Jenkins Local
Self-contained Jenkins plugin that stores CI data directly in your own PostgreSQL database and displays it within the Jenkins UI.
The Jenkins Local plugin is a fully self-contained solution. It stores all CI data in your own PostgreSQL database and surfaces analytics directly inside the Jenkins UI — no external services, no internet required. Think of Jenkins local plugin as a 'super plugin'. It is a plugin with a host of capabilities like slack, email, test case management integrations, jira, etc.

How it works
Data never leaves your infrastructure. The plugin writes directly to Postgres and reads from it to render the BuildButler dashboard panels inside Jenkins.
Prerequisites
- Jenkins 2.387.3 or later
- A PostgreSQL 14+ database accessible from Jenkins
- Java 11+
Installation
Step 1 — Install the plugin
- Download the
buildbutler-local.hpiplugin from the Downloads page. - In Jenkins, go to Manage Jenkins → Plugins → Advanced.
- Under Deploy Plugin, upload the
.hpifile and click Deploy. - Restart Jenkins when prompted.
Step 2 — Activate your license
- Go to Manage Jenkins → Build Butler Local
- Under License, paste your license key from your welcome email into the License Key field (format:
BB-XXXX-XXXX-XXXX-XXXX) - Click Activate / Check License
- Tick Enabled and save

Configuration
After installation, go to Manage Jenkins → BuildButler Local to configure the plugin.
Build Data Collection
Control which jobs are monitored and how build logs are collected.

Database Connection
Enter your PostgreSQL connection details. Click Test Connection to verify, then Initialize Schema to create the required tables on first setup.

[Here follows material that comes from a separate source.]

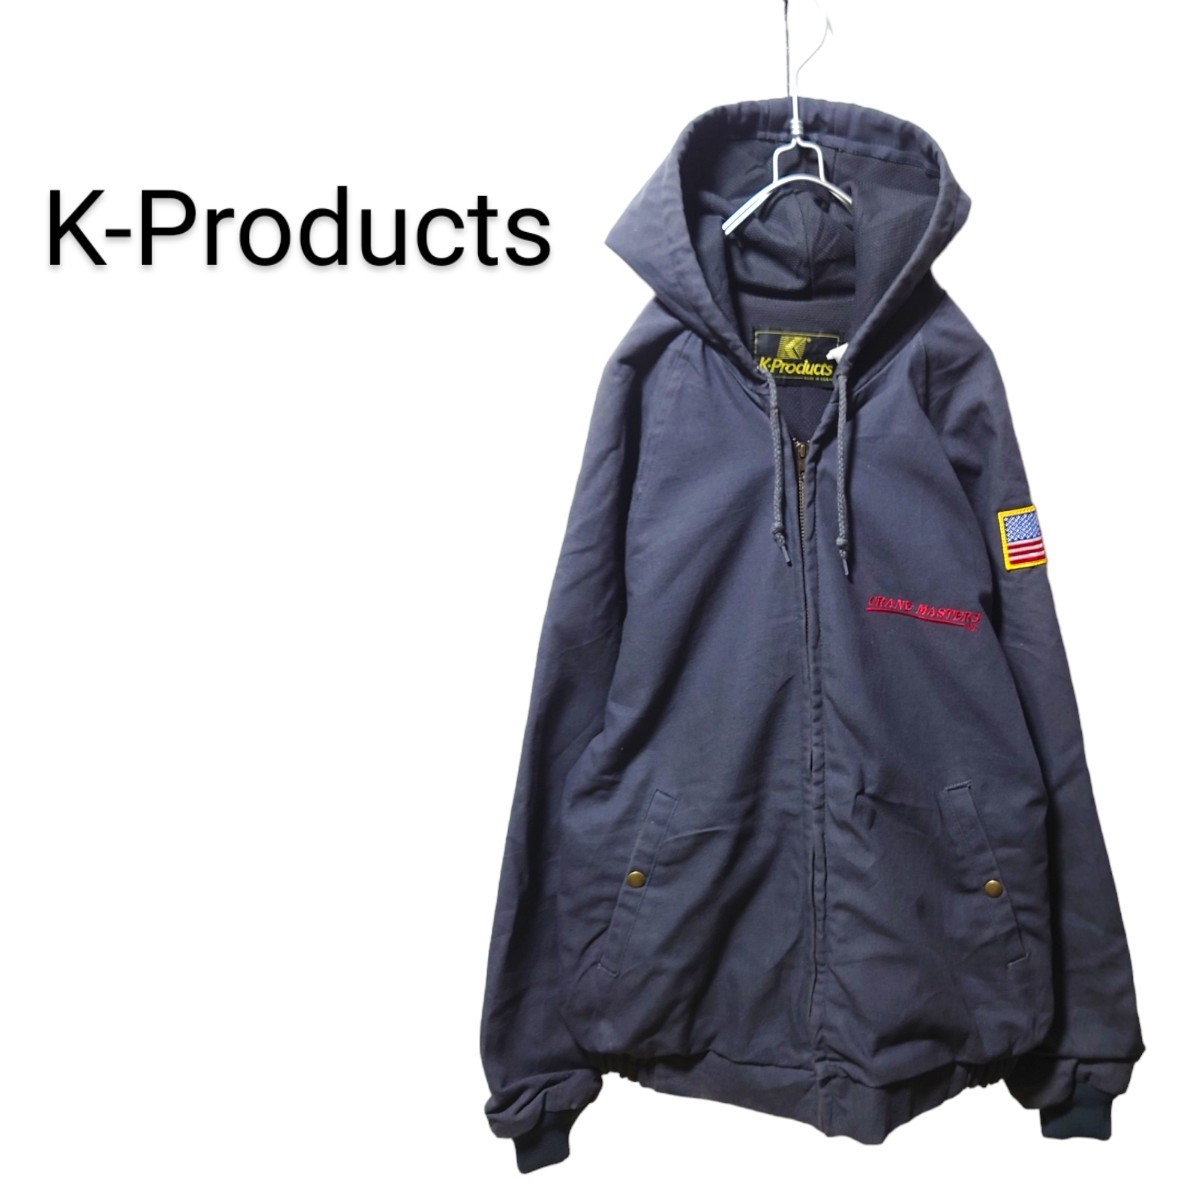 【K-Products】USA製 企業ロゴ ダックアクティブジャケット S363

Log Storage (S3-Compatible)
Optionally configure an S3-compatible object store (AWS S3, MinIO, etc.) to store raw build console logs.

Slack Notifications
Configure a default Slack webhook and per-event overrides. Toggle which build events trigger notifications and how many console log lines to include.

Queue Alerts
Define rules that fire when the build queue exceeds a threshold for a sustained duration. Rules are expressed as a JSON array and support total-queue and per-label modes.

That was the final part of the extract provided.